Re: [PATCH 3/3] sched/numa: Limit the amount of imbalance that can exist at fork time

From: Mel Gorman <mgorman@techsingularity.net>
To: Vincent Guittot <vincent.guittot@linaro.org>
Cc: Peter Zijlstra <peterz@infradead.org>,
	LKML <linux-kernel@vger.kernel.org>,
	Ingo Molnar <mingo@kernel.org>,
	Valentin Schneider <valentin.schneider@arm.com>,
	Juri Lelli <juri.lelli@redhat.com>
Subject: Re: [PATCH 3/3] sched/numa: Limit the amount of imbalance that can exist at fork time
Date: Wed, 18 Nov 2020 16:50:14 +0000	[thread overview]
Message-ID: <20201118165014.GD3371@techsingularity.net> (raw)
In-Reply-To: <CAKfTPtBdLJzbv0PFbYeveKeF2_+CgRzwexP5g7E5cgirfc6big@mail.gmail.com>

On Wed, Nov 18, 2020 at 05:06:32PM +0100, Vincent Guittot wrote:
> > > which would return how much margin remains available before not
> > > allowing the imbalance
> > >
> >
> > Easier to just make it a bool as the available margin is not relevant
> > (yet).
> 
> That's my point, preparing future evolution by providing directly the
> stats struct which have all this information and even more for further
> enhancement and return how much imbalance is still acceptable.
> 
> But this probably means to align numa stats with lb stats to share the
> same struct
> 

That's the problem -- a common struct that both sd-lb and numa balancing
share would be needed for it to make sense. sg_lb_stats and numa_stats are
used to gather only relevant information to the context they are used.
While there could be a baseline common struct with a union of sd-lb and
numa private extentions, it would not necessarily be easier to understand
and unnecessary information would be collected in both contexts. Sure,
that could be special cased too but then you would have to account for
what fields are available and not available in each context.

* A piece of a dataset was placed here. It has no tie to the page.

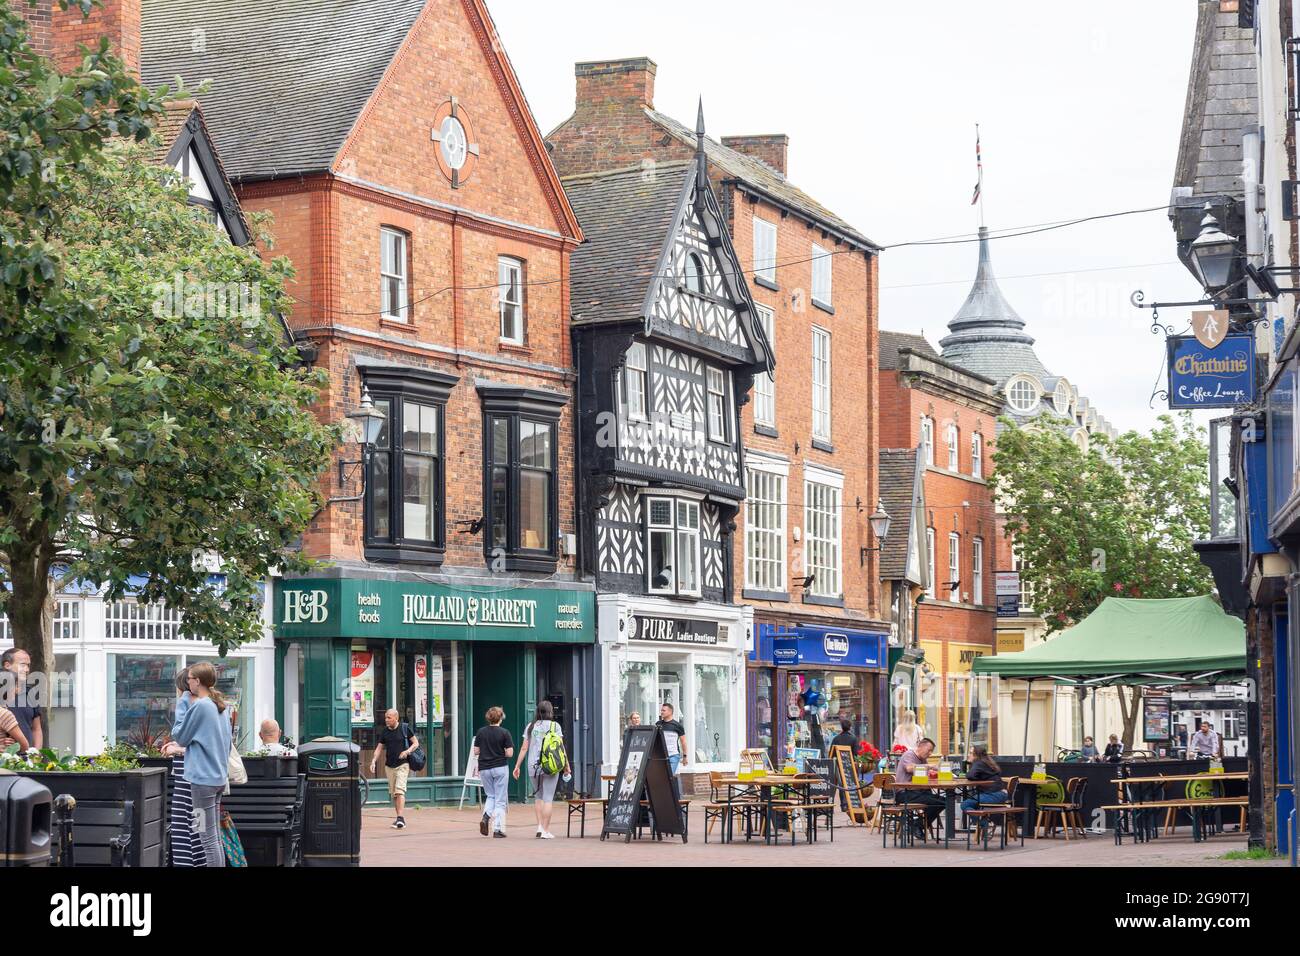 Town Square, High Street, Nantwich, Ches Hire, England, Vereinigtes Königreich Stockfoto

Without the unification and the consequences of that, the margin
information is not useful *right now*. If that changes, the helper
function could be updated with a demonstration on why using the margin
information helps.

> > @@ -8779,9 +8780,6 @@ find_idlest_group(struct sched_domain *sd, struct task_struct *p, int this_cpu)
> >                         .group_type = group_overloaded,
> >         };
> >
> > -       imbalance = scale_load_down(NICE_0_LOAD) *
> > -                               (sd->imbalance_pct-100) / 100;
> > -
> >         do {
> >                 int local_group;
> >
> > @@ -8835,6 +8833,11 @@ find_idlest_group(struct sched_domain *sd, struct task_struct *p, int this_cpu)
> >         switch (local_sgs.group_type) {
> >         case group_overloaded:
> >         case group_fully_busy:
> > +
> > +               /* Calculate allowed imbalance based on load */
> > +               imbalance = scale_load_down(NICE_0_LOAD) *
> > +                               (sd->imbalance_pct-100) / 100;
> 
> forgot to mention this previously, but this change seems unrelated to
> rest of this patch and could deserve a dedicated patch
> 

I can split it out as a preparation patch. It can be treated as a
trivial micro-optimisation to avoid an unnecessary calculation of the
imbalance for group_overloaded/group_fully_busy. The real motiviation is
to avoid confusing the group_overloaded/group_fully_busy imbalance with
allow_numa_imbalance and thinking they are somehow directly related to
each other.

-- 
Mel Gorman
SUSE Labs